> **DATASET EXTRACT**:
# # # # # # #

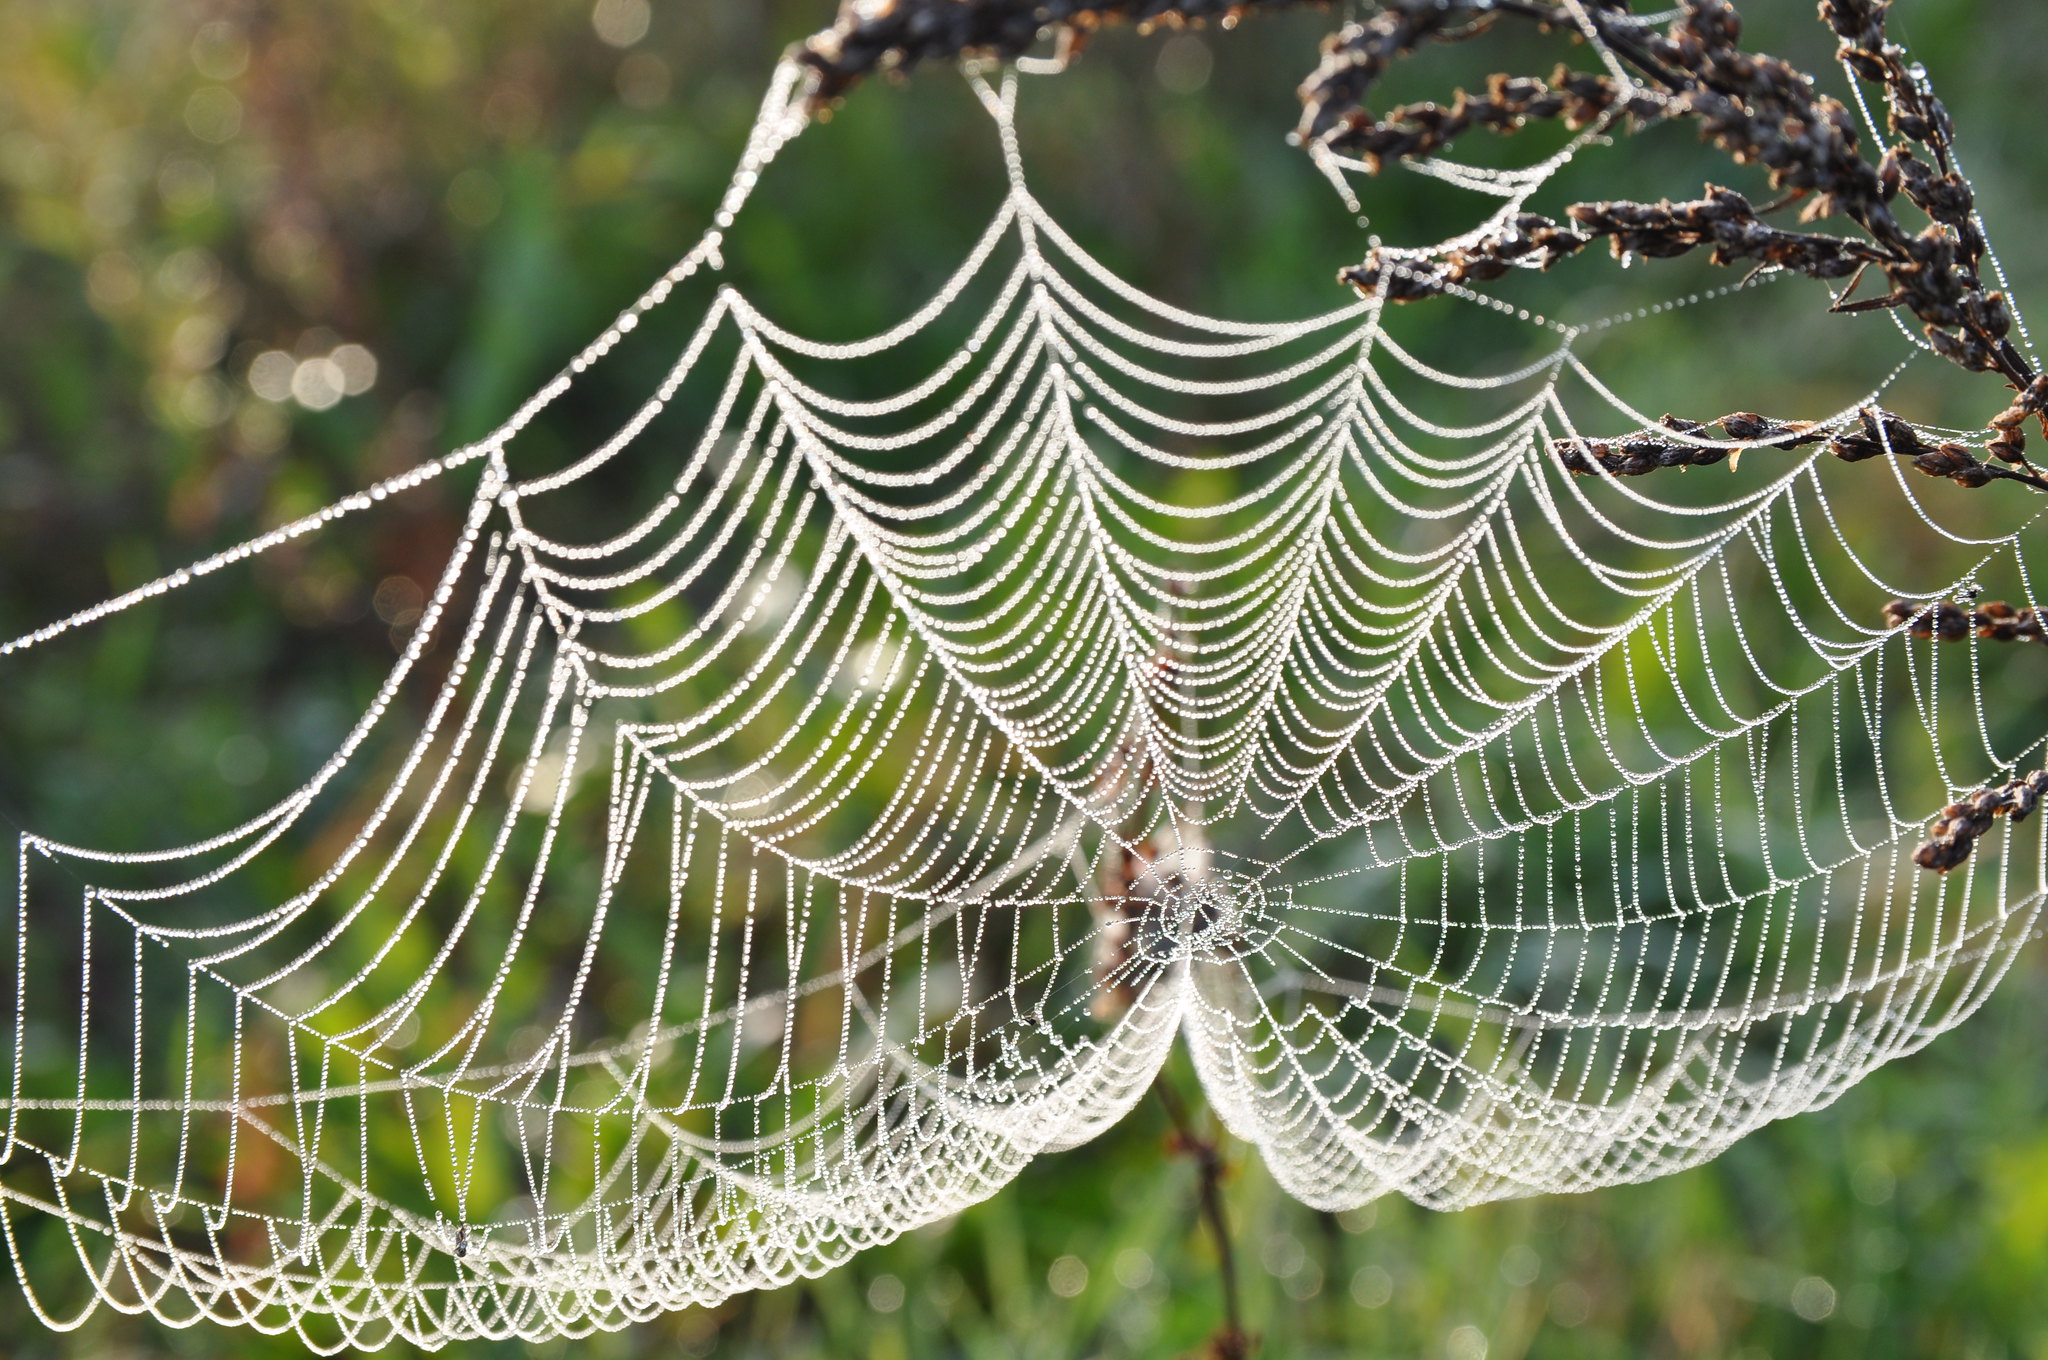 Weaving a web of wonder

# # # # # # #

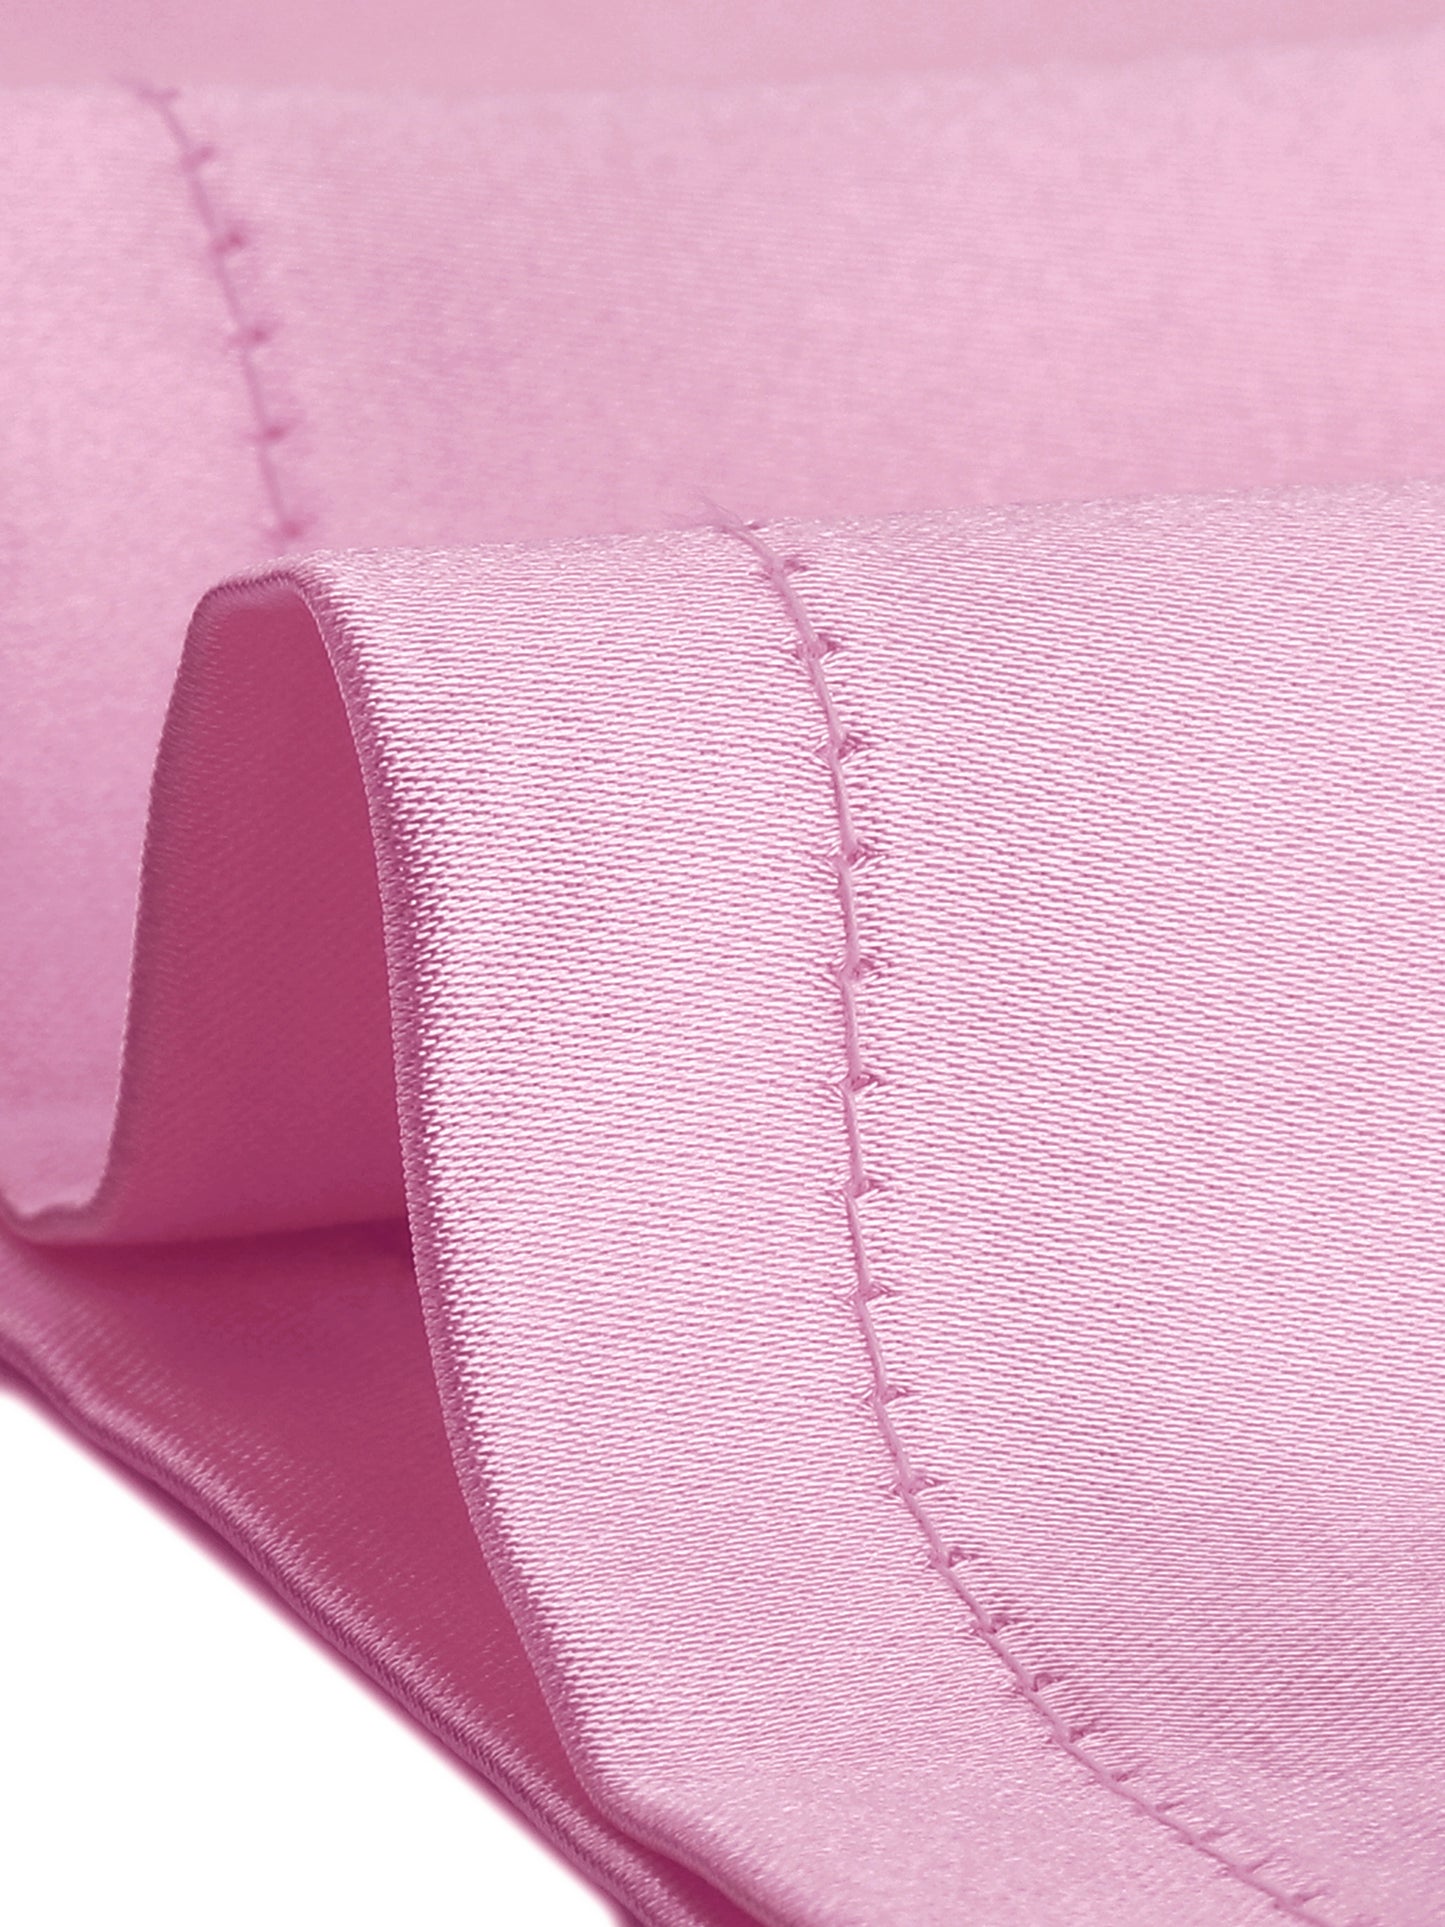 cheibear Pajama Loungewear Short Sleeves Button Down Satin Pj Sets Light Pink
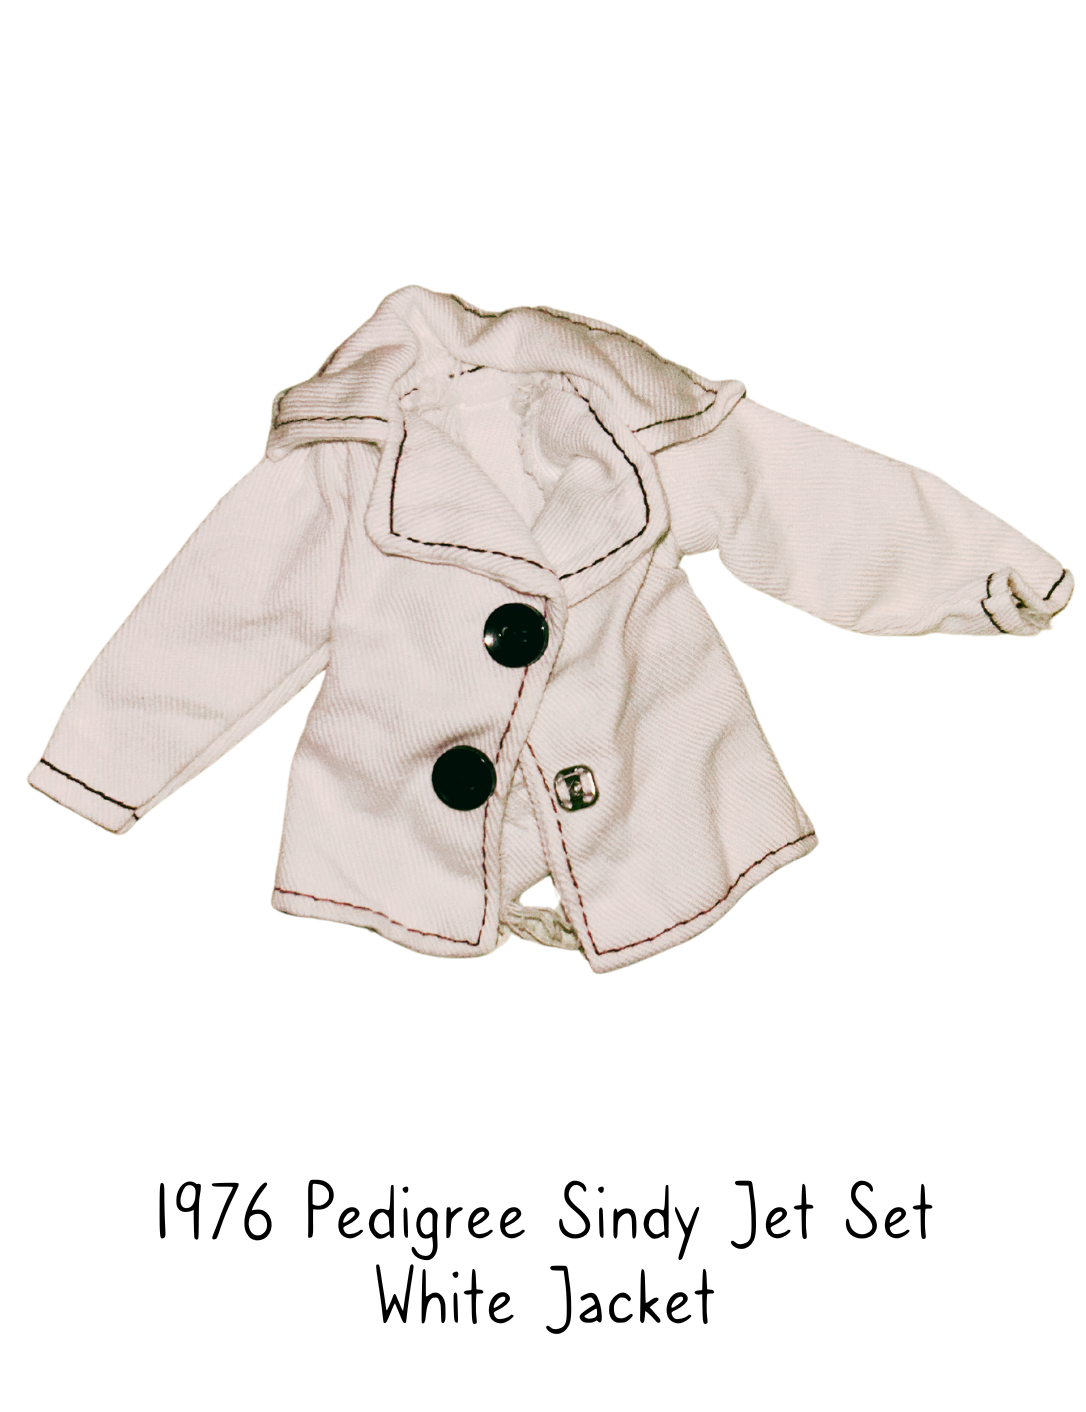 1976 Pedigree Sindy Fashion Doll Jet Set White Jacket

# # # # # # #

> **TO DO**: Word for word, repeat the lines above from the one with "cheibear Pajama Loungewear" through the one with "1976 Pedigree Sindy", and nothing beyond them. Omit the pictures.

> **RESULT BELOW**:
 cheibear Pajama Loungewear Short Sleeves Button Down Satin Pj Sets Light Pink
 1976 Pedigree Sindy Fashion Doll Jet Set White Jacket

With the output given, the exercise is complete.